Едва за этим “молодцом из Лян Шань Бо” хлюпнула дверь, я приблизился к стойке бара, вытряхнул из сэйка ледяную пирамиду, наполнил треть картофельной водкой “Степан Разин”, добавил 20 мл “Deep blue”, 20 мл тюленьего молока, 10 мл елового джина, 10 мл муравьиного спирта, бросил крупинку каменной соли, поставил на 2 минуты под желтый лазер – и если бы ты, ядовитый мальчик мой, коснулся своими смешливыми губами этого напитка, то навсегда забыл бы имя Ричи ван дер Мууна.

Salut, стервец.

Boris

P. S. А клон-голубкам буран не помеха. Эти твари пролетят сквозь все. Даже сквозь Великую Китайскую стену.

9 января

Началось, слава Космосу.

Погода улеглась, после ланча нам подвезли TFG. Генетики хотели начать завтра, но полковник настоял.

Я был не против. У Харитона тоже не было соплей.

Витте слегка поломался, но Карпенкофф сильно его не поддержала. И в 20:34 мы запустили.

Рипс шагуа, я вижу тебя сидящим в твоей GERO-KUNST пещере, жующим пакистанскую саранчу и запивающим ее голландским пивом.

Что значит для тебя – мультисексера, предателя и протея – эта короткая фраза: МЫ ЗАПУСТИЛИ?

Nihil.

Я всегда завидовал твоей способности ничему не удивляться.

Впрочем, это зависть калеки без органа, так что она некорректна, рипс лаовай.

Собственно, мне тоже пока нечему удивляться. Хотя я не каждый день в ГС-командировках. К твоему гнойному сведению, в России были всего ДВЕ попытки получения ГС: ГС-1 загнал в трещину пеньтань шагуа Сафонов; ГС-2 три года назад бездарно засушило МИНОБО, испугавшись санкций IKGC. В первом проекте логостимулятором был Зветан Капидич, во втором Юрий Барабанофф. Оба – super-плюс-ваны своего дела.

Но ГС – коллективный ханкун мудень, в котором отсутствие любой гниды кладет под rezak весь проект.

Понимая это, мы ВСЕ в 20:00 вышли наверх, разделись, составили большое кольцо и совершили старую добрую самадхи Лта-на-дуг. Мандалу на снегу солдаты выложили синим песком. Полярная ночь стояла чудесная: высокие звезды, северное сияние, безветрие.

В 20:34 Харитон включил систему, а я раздал объектам бумагу и пишущие средства.

Генетики в духе.

Военные тоже.

В общем, внешне – все благоприятствует. Я молюсь каждые полчаса. И разрываю по шесть своих волос, чтобы удержать гексаграмму КУНЬ (исполнение).

Пожелай же ГС-3 плюс-плюс-плюс-директа и молись за проект по-русски.
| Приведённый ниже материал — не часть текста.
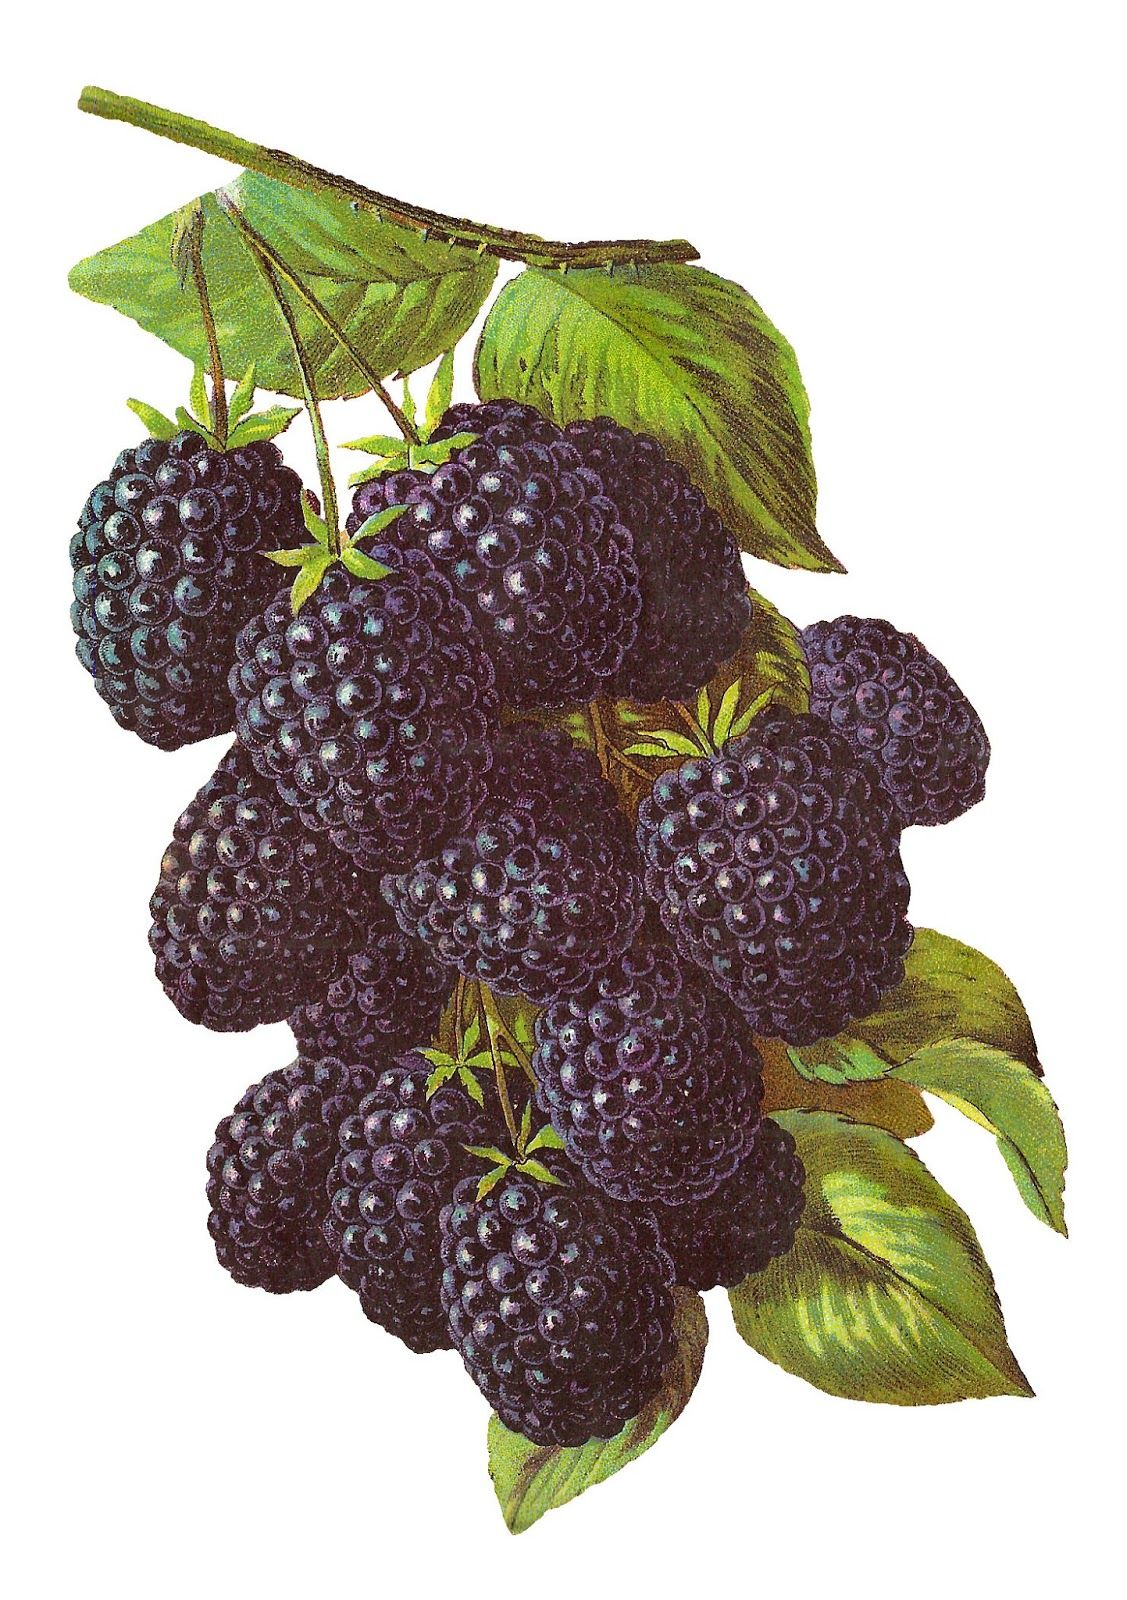 Antique Images: blackberries.

Целую тебя по алым частям.

Boboboboboboboboboboboris

12 января

Всё!!!

Мы сделали ЭТО, нежный мальчик мой. И мы сделали ЭТО впервые в России. Поздравь твоего активного друга.
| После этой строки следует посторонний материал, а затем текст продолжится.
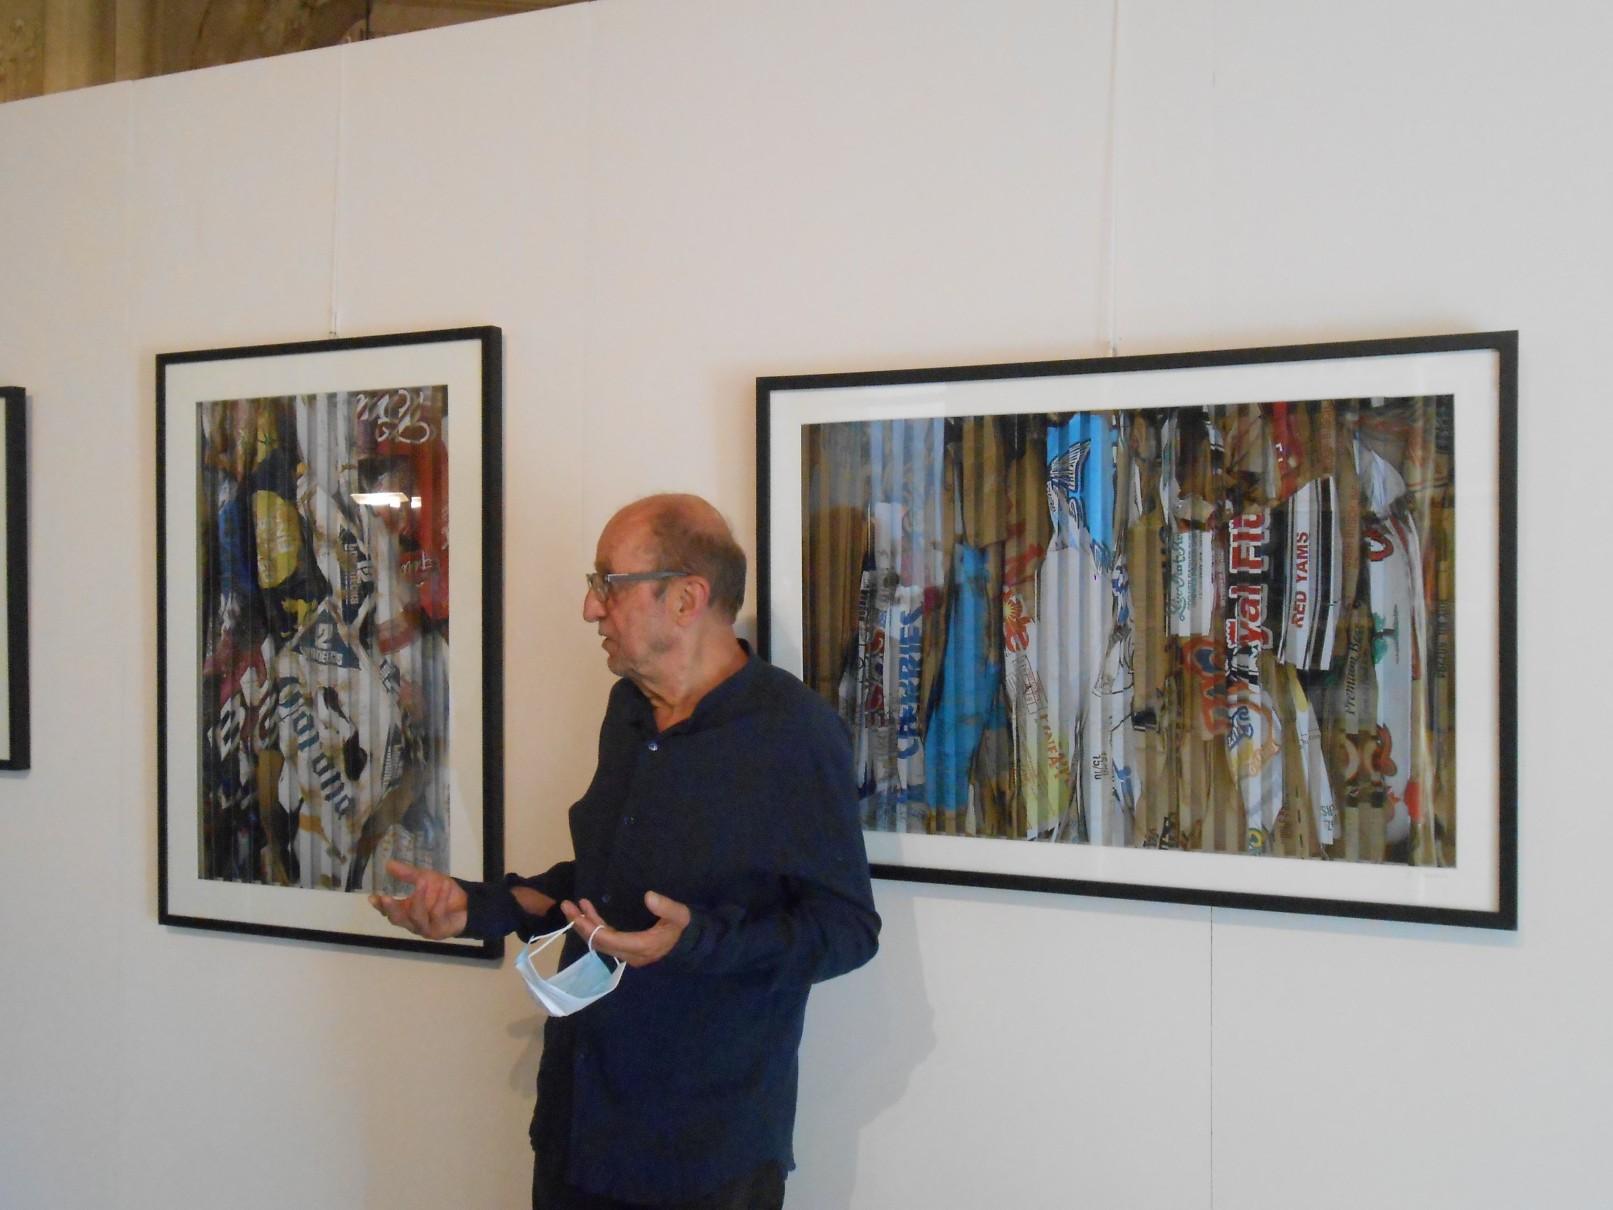 Jaques Renoir, mostra openartcode, palazzo Rosselli Del Turco, Firenze

Я молился, генетики молились, полковник молился – и Нефритовый Император услышал наши робкие голоса из бетонной O, укрытой чистым сибирским снегом.

Все системы сработали, все объекты живы и после скрипт-процесса впали в анабиоз. Плюс-плюс-директ. Мы ходим по коридору и улыбаемся друг другу, как байчи.

К 9:34 первая фаза ГС-3 благополучно завершена. Неужели я увижу ГОЛУБОЕ САЛО?

Подождем, рипс хуайдань.

Теперь остается только ждать. Буду, рипс нимада. Начну писать тебе письма, длинные, как твой божественный olo. Но только не сегодня. Потому что?

Сначала я пошлю тебе то, что здесь уже никому не нужно.

Кроме меня.

Но все по порядку, рипс. Первым завершил скрипт-процесс Достоевский-2. Когда индикатор вспыхнул и система отключилась, я с двумя сержантами вошел в его камеру. Зрелище, скажу тебе, не для чженцзеди гунян: после 12-часового скрипт-процесса объект сильно деформировался: грудная клетка еще сильнее выдалась вперед, разорвав скафандр, ребра прорвали кожу, сквозь них видны внутренности и бьющееся сердце. Патология черепа усилилась, та самая “ручка пилы”, торчащая из лица, выступила еще дальше, словно Всевышний тщетно пытался вытянуть ее из человеческого чада. Она поросла густыми черными волосами. Руки Достоевского-2 как бы обуглились, стальной карандаш прирос к ним навеки. Алмазный песок Достоевский-2 втянул носом весь в себя. А это значит, что твой гениальный друг не ошибся с erregen-объектом. (И не только с этим, рипс!)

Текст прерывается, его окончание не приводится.